An early wireframe of iteration three

I have chosen blog content to be nearer the top as this is updated more regularly. Magazine content comes lower down the page and is visually and geographically linked with related content (such as past issues) and call-to-actions (subscription).


The recommended home page layout (View this layout in your browser)

To help guide a reader to blogs and magazine zones, I have made a leader/teaser panel that reflects the most important story from each. When a reader clicks, they are smoothly scrolled to their chosen zone.

I hope that this gives ample and equal focus to the two important content types as well as a smooth experience for a reader.

More to see

Although I am still working on the specific detail and design of other elements on the home page, I thought that it might be useful for you to see their works-in-progress. In particular, look out for the new products area that brings items from deeper in the site onto the home page. This includes the tabbed area for books, past issues and shop items.

Next, the current site's subscription process needs improvement and my challenge is to make the first steps of that process simpler, by combining them into one, simple, overlay panel that offers both print and digital editions of the magazine.

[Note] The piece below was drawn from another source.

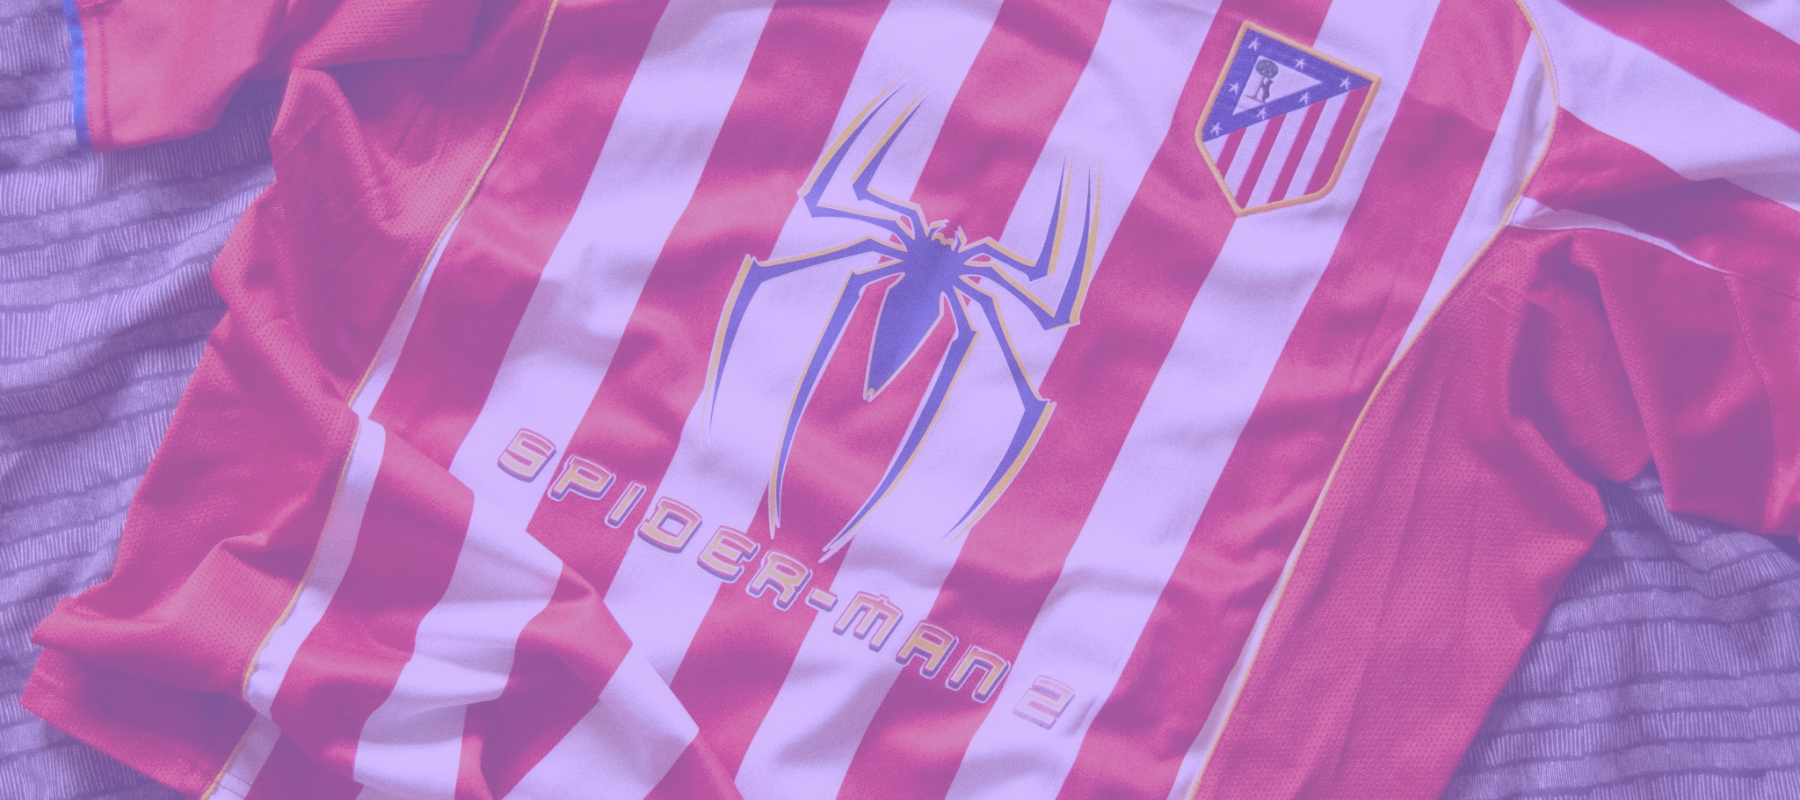 When the movies sponsored Atletico Madrid

I hope that you'll enjoy digging into the home page and maybe the other layouts that I'm working on. Feel free to comment on how you think I can improve. I will really value your contributions. (gulp)

Links

Update: It would really help me a lot if I knew a little about you when you comment, it helps with context. Are you an existing New Internationalist reader? Do you work there? Are you a member of the co-op or a web geek?

Leave your comment

Dinu

May 23 2009 @ 11:06am #

I’m loving the recommended layout. I like the clean look and attention grabbing content areas. I also like how the “books” section is layed out. However, I think the Magazine section is pushed too far below the page. I was expecting that the “featured content” bar on top would be blog posts, and the section below would be magazine articles.

Also for the main nav, personally I would prefer the “subscribe” link to he after the “Shop” link. There seems to be some disconnect between the 2 navigation bars.

Thanks for putting this up for public viewing. Great insights.

John Faulds

May 23 2009 @ 12:13pm #

I’m getting a horizontal scrollbar in the new designs in Opera (9.64). I’ve noticed this a bit lately on a few sites and am wondering if it’s been caused by a recent update because I’m sure it hasn’t always been there on some of these sites (including some of my own). I also haven’t found out what’s been causing it.

craig zheng

May 23 2009 @ 12:25pm #

This is looking great so far… very clean and elegant. I very much like the subtle color change between each content section—it’s just right in my opinion.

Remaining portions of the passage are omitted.